In 1998, the Supreme Court decided Farragher and Ellerth. Basically, what those cases said was if you have a good complaint mechanism in place, and people can report in that mechanism—you've got an employee manual, you've got some level of training—then employers have protection. And at first, people started to do really good things. But then, unfortunately, we switched over to canned programs. So, you can watch a 30-minute webinar as part of your job. And if you watch that webinar, you're going to learn how bad sexual harassment is.

Unfortunately, this shift was away from really good, proactive training to canned programs.

Now, by a show of hands, how many of you have watched the webinar and multitasked? Tweeting, texting, emailing. That's a problem. If you look around the room, almost everybody. And that's the problem. The message from the employer to the employees got lost.

Live programs. And I get up on my soapbox pretty much every day of the week and plead with people: Have live programs. Make them interactive. Get people talking. Set forth your expectations. Shift the focus to make the employees in the room responsible to help get rid of sexual harassment in your workplace.

And we talk about culture. When you watch a webinar, and it's a canned webinar, and you're telling people, "Don't harass somebody," that's the same as telling people, "Don't run red lights. Don't burn down your house for the insurance money." Because those people don't benefit from the program … you lose that opportunity in a canned program. So, we do talk a lot about live programs being so important

This is an important slide. On the left side are comments taken from real cases about what should not be done:

  • "Oh, boys will be boys."
  • Promising things that can't be delivered.

Look on the right side:

  • "Thank you for bringing this complaint to my attention.”
  • “We take these matters seriously.”
  • “I'll be reaching out to HR immediately.”
  • “You can reach out yourself to HR.”
  • “We do not tolerate retaliation.”

And then let them know that they can come to you if they've got questions.

And basically the idea, and this is talking about solutions, is switching the power dynamic in your organization, getting people to understand that this is a company that wants to hear from you if there's a problem. This is a company that wants to resolve problems. And that's why we're training with top down buy-in.

So, we've got a top 10 list of things that are takeaways.

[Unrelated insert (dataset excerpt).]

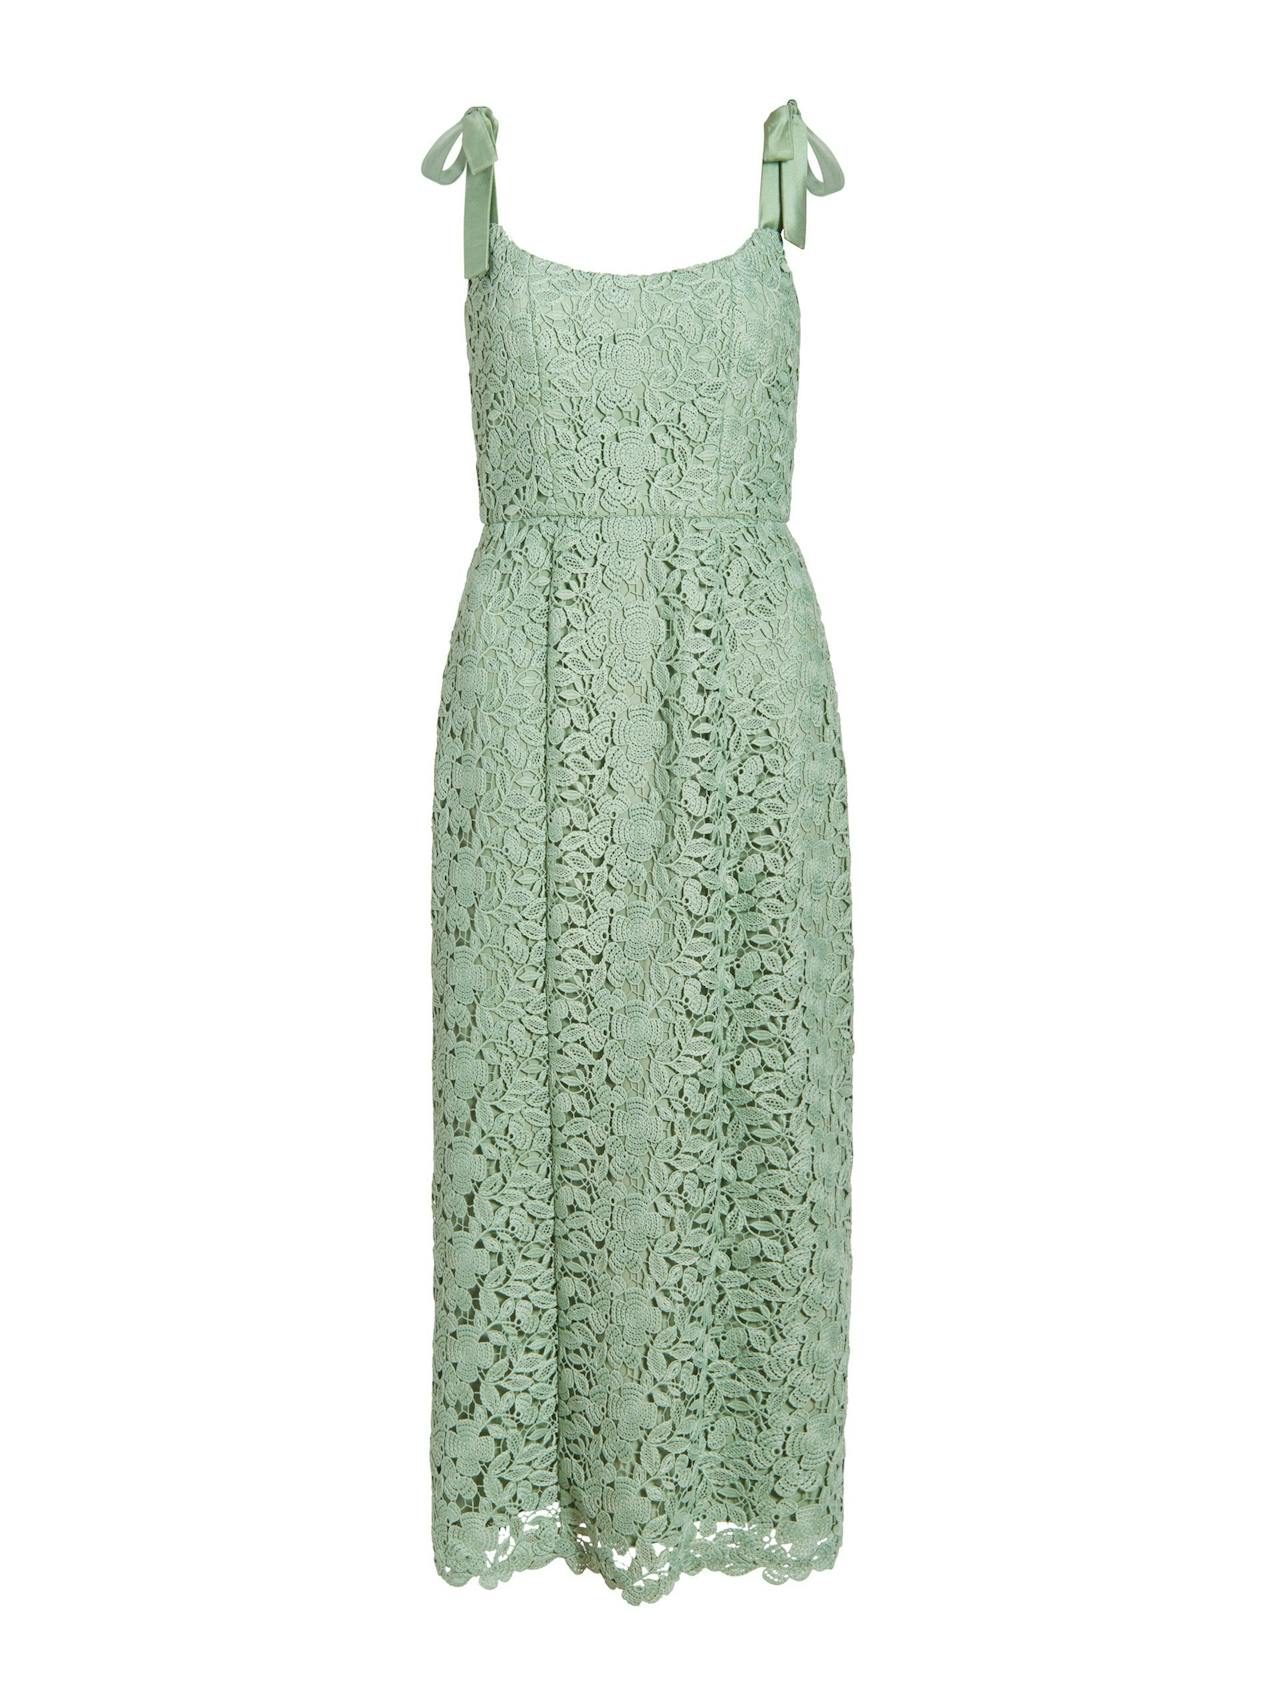 Green crochet corset Poppy midi dress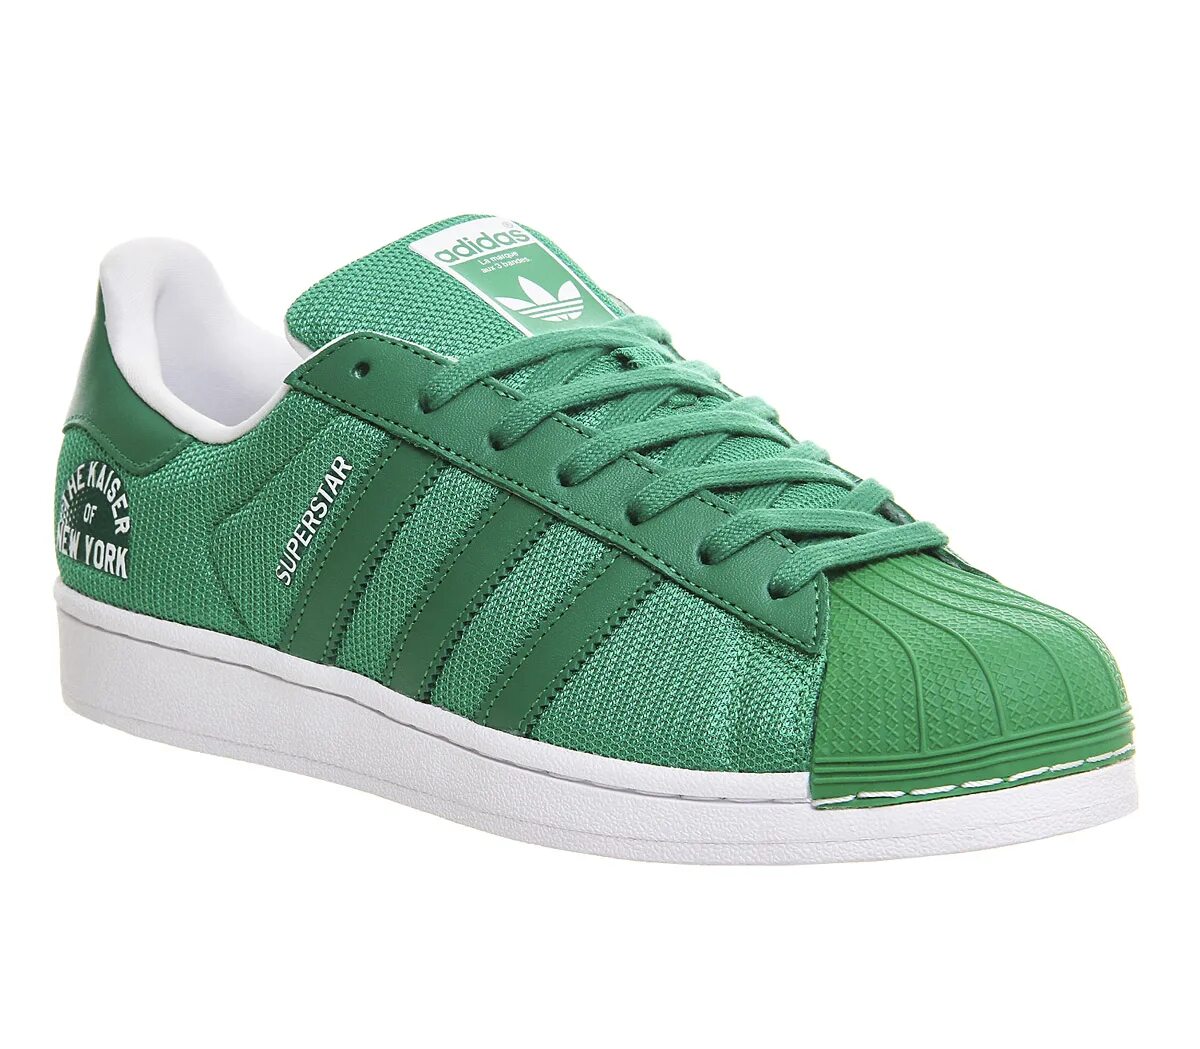 Adidas / кроссовки Superstar Green. Адидас суперстар зеленые. Adidas Superstar White Green. Кеды адидас Superstar зеленые. Купить зеленый адидас

Audiences must relate to a training. How many of you have seen that video of the pretty woman walking down the road and the construction worker whistling at her? People have seen that, a few people have. The problem is if you train, make it relevant. Talk about things that are real in your workplace and then, in a few minutes, Henry's going to lead us is some scenarios and we're all going to chime in and talk about that.

If you can't get live training, try to have something like a town hall or a forum where people can talk it through with a facilitator.

Look for people skills when you hire. … People skills are as important as technical skills.

Get top down support. Get your C-suite, the top people in your hospital, in your medical group, wherever you're working, to buy in and tell people, “This is what we want as a great place to work.”

When decisions are made, don't look at the financial. Look at what's right. I showed you the slide about what managers should say if somebody comes to them, but make sure they're ready in advance. 

Follow up with people. If someone complains, follow up to make sure they're not being retaliated against, that they still feel like they are a valued member of your team. Defining relationships. People date. What happens in your organization if people go out on one date? Do you have a policy in place? Think about that. Too many organizations don't have a policy.

Also, early resolution. Sometimes disputes aren't really malicious, and they could be resolved by getting people to talk in a mediation.

And, last but not least, let's talk about really assessing your culture. What is your culture right now and how can we make it even better?